There is a problem in being Cannes. Because Cannes’ very existence depends on being known as bright, glitzy and exclusive that image must, at all costs, be maintained. The mayor must lie awake at night worried that he will read in some influential journal that Cannes is looking “dowdy”, “shabby” or is simply “no longer the place to be”. (It’s worth remembering that from March to November, Cannes is the focus of not just the famous film festival, but many other much less newsworthy festivals, conferences and symposia that are here for the glow of fame that the film trade likes to think it bestows.)
The result of this hound of image constantly nipping at the heels of the town’s administration means that Cannes is in a seemingly ceaseless state of “makeover”. This leads to the fascinating and frustrating situation that when you drive into Cannes on a weekly basis you’re never quite sure what you’re going to encounter. Which roads are going to be dug up today? What streams of traffic are rerouted? Which buildings are being dismembered to be refurbished? What new pipes are being relaid across what roads? There is a perpetual sense of manic activity in Cannes which is either invigorating or incredibly annoying. Certainly around our church we seem to have lost at least ten vital car parking places and we live with the uncertainty that, come next Sunday, we might lose a dozen more.
One embarrassment for Cannes has been that for some time it’s been a coastal town without much of a coast. A combination of proliferating hotel restaurants and sand erosion has reduced the public beach areas to two small patches either end of the Croisette. This sorry state is now being deal with by a major program of coastal engineering which, it is hoped, will be a win-win situation for everybody. There will be a wide beach accessible to everyone in front of the restaurants and a pedestrian walkway and cycle path immediately behind them. Well, that’s the plan and its not going to come cheap. But that’s the price of the image.
At the moment 95,000 cubic metres of sand are being spread out along the length of the Croisette and, on the basis that you may as well be hung for a sheep as a lamb, they are simultaneously refurbishing and replacing all the various sewage and water pipes. Work is currently in progress and it’s going to be ongoing for at least another four years. It will be interesting to see the results.
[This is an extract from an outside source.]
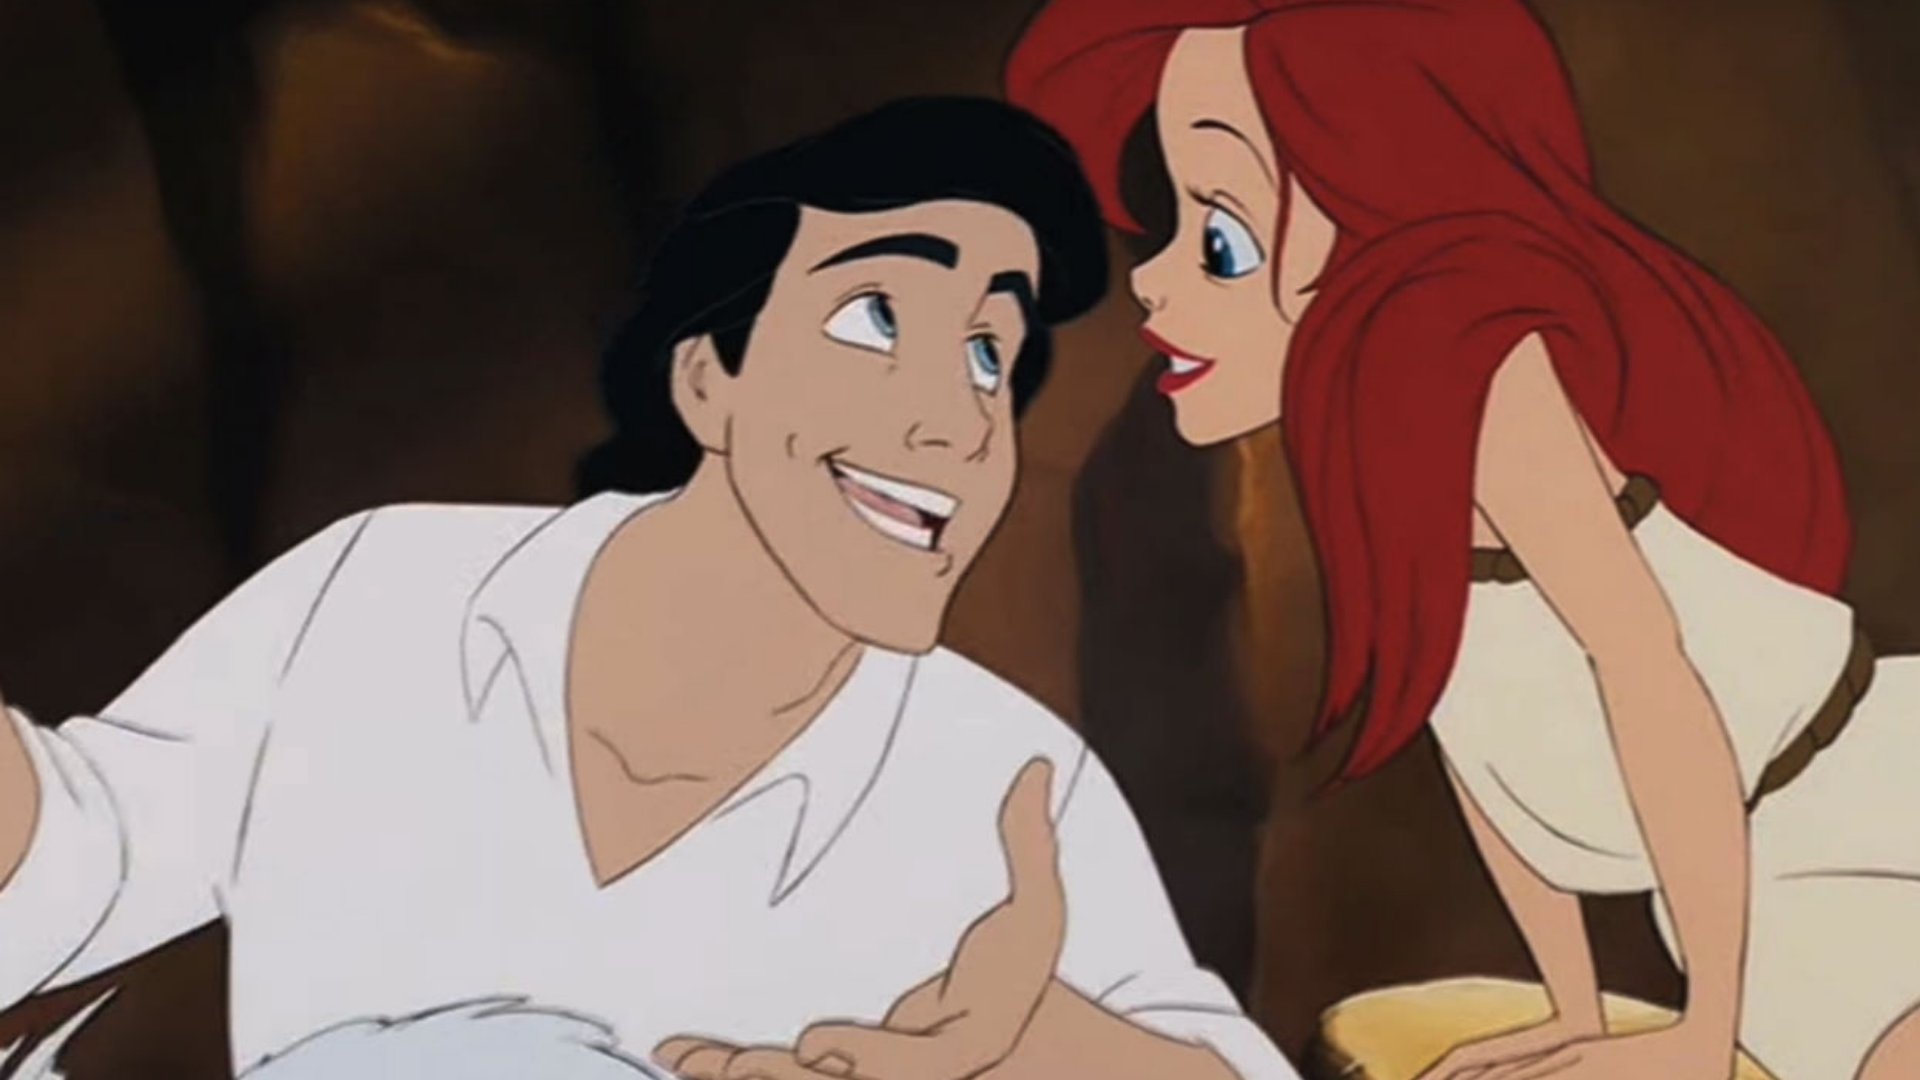 Ariel e o príncipe Eric juntos enquanto conversam

There is, it is remarked acidly, a distinct plus point about the fact that the main part of Cannes is a perpetual and seemingly random excavation and building site. It has produced a very effective anti-terrorist strategy in which any attempt to deliver an explosive-laden vehicle or unleash a hurtling truck would undoubtedly be foiled by being rerouted around a random and ever changing series of side streets.
Still it is fascinating to see how Cannes, having become what it is on the basis of its image, is now enslaved to maintaining that image at all costs. Remember the phrase about “those who live by sword perish by it”?